Dr. Richard I. Weinstein in Baltimore: Interventional and General Cardiology
Dr. Richard I. Weinstein is a cardiologist in Baltimore offering interventional procedures and general cardiac care for patients with heart disease, arrhythmias, and coronary conditions. His practice treats both acute and chronic cardiac problems, with emphasis on catheterization-based intervention and medical management.
What Dr. Weinstein's practice actually does
Weinstein provides comprehensive cardiac evaluation and treatment in an outpatient setting. His scope spans diagnostic testing (stress tests, echocardiography, EKG), management of hypertension and heart failure, and interventional work including coronary angiography and stent placement. He accepts referrals from primary care physicians and manages patients with prior cardiac events, active ischemia, and arrhythmia management. The practice is typical of mid-sized cardiology operations in Baltimore: not a large hospital system department, but a specialized physician practice handling complex cases alongside routine preventive cardiac care.
Services and typical pricing
Cardiology services are billed through insurance; out-of-pocket costs depend heavily on plan type and deductible status. A new-patient consultation typically costs $150 to $300 after insurance (or full amount without coverage). Stress testing ranges from $400 to $800; echocardiography $300 to $600. Interventional procedures (catheterization, stent placement) run several thousand dollars but are cost-shared through insurance deductibles and coinsurance, not flat fees. Confirm your specific coverage before scheduling; cardiologists do not post transparent pricing lists because hospital and facility fees, not physician fees, drive most out-of-pocket exposure.
How Weinstein compares to other Baltimore cardiologists
Baltimore's cardiology landscape divides between large health system cardiologists (Johns Hopkins, University of Maryland Medical Center, Sinai) and private practitioners or smaller groups. Weinstein operates as an independent practitioner, which means scheduling is often faster than system-wide wait lists (typically 2 to 4 weeks versus 4 to 8) but without same-day hospital resources. Johns Hopkins cardiologists offer access to advanced electrophysiology labs and transplant programs; UM offers robust rehab services; Sinai excels in community-based primary prevention. Choose Weinstein for faster outpatient access and a single physician relationship; choose a system cardiologist if you need immediate hospitalization capacity or highly specialized procedures (device implant, complex ablation). For routine follow-up and managed coronary disease, the independent model is often more convenient.
Who suits this practice and who does not
Weinstein's practice works well for patients with established cardiac diagnoses seeking continuity care, those in need of preventive evaluation, and patients with insurance willing to pay out-of-pocket for faster scheduling. Primary care doctors confident in referring to an independent cardiologist (rather than a system-integrated practice) fit naturally here. Patients without insurance, those requiring emergency cardiac intervention, or those needing inpatient hospital care should plan for a system-based cardiologist. His interventional capability means acute coronary syndrome can be managed, but emergency transport will route to a hospital with cath lab capabilities, not his office.
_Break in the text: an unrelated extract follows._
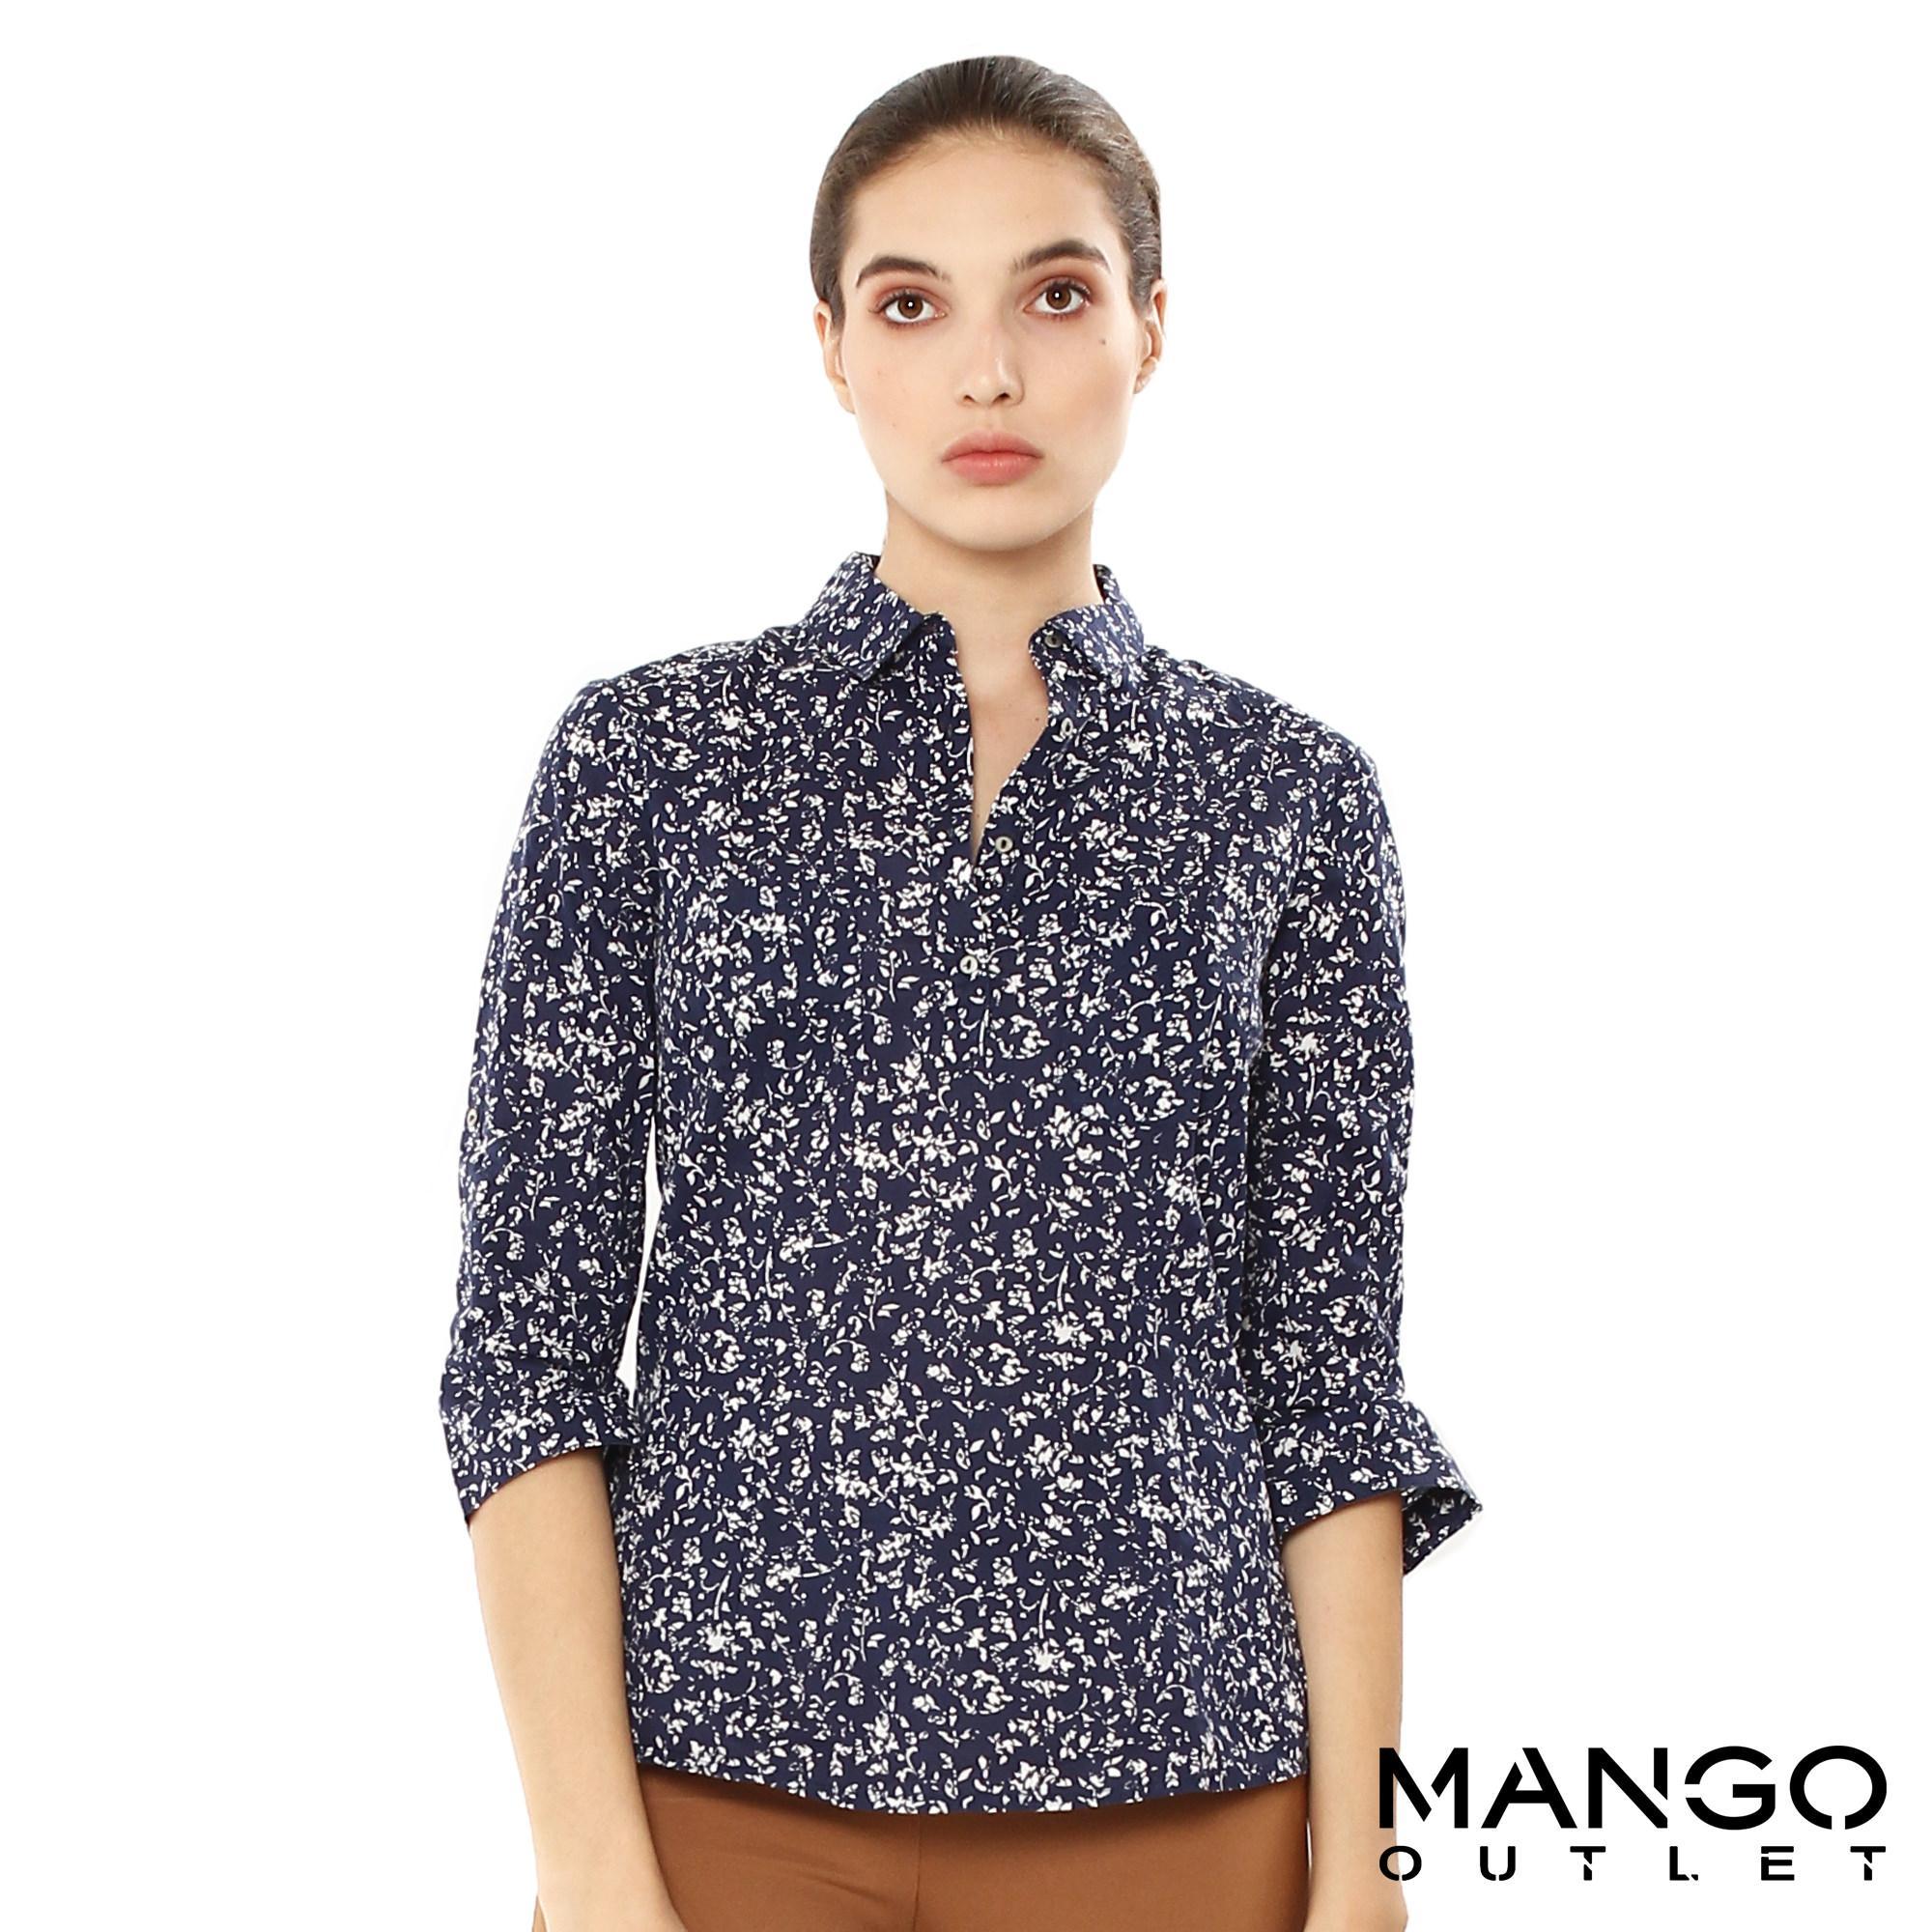 a38c9009b2 Mango Philippines  Mango price list - Mango Satchel

What the first visit involves
Expect 45 to 60 minutes. Intake includes full cardiac history, medication review, symptom timeline, and family history. The physician performs a physical exam (listening to heart sounds, checking for murmurs and peripheral edema), reviews prior imaging or test results if available, and decides on diagnostic testing. A stress test or echo may be ordered that day or at a follow-up; results guide treatment decisions. Bring insurance card, photo ID, and a list of current medications. If you have prior EKGs or imaging from other providers, request records beforehand to streamline the visit.
Hours, parking, and logistics
Confirm current office hours by calling ahead; cardiologists' schedules shift with procedure demand and system changes. Parking is street or lot-dependent on location; ask the office for specifics when you call. Most Baltimore cardiology offices are in medical office parks or mixed-use buildings with accessible parking, but none match hospital system parking infrastructure.
Dr. Weinstein's practice provides the outpatient cardiology many Baltimore patients need without the wait times of large health systems, making it a practical choice for routine and stable cardiac management.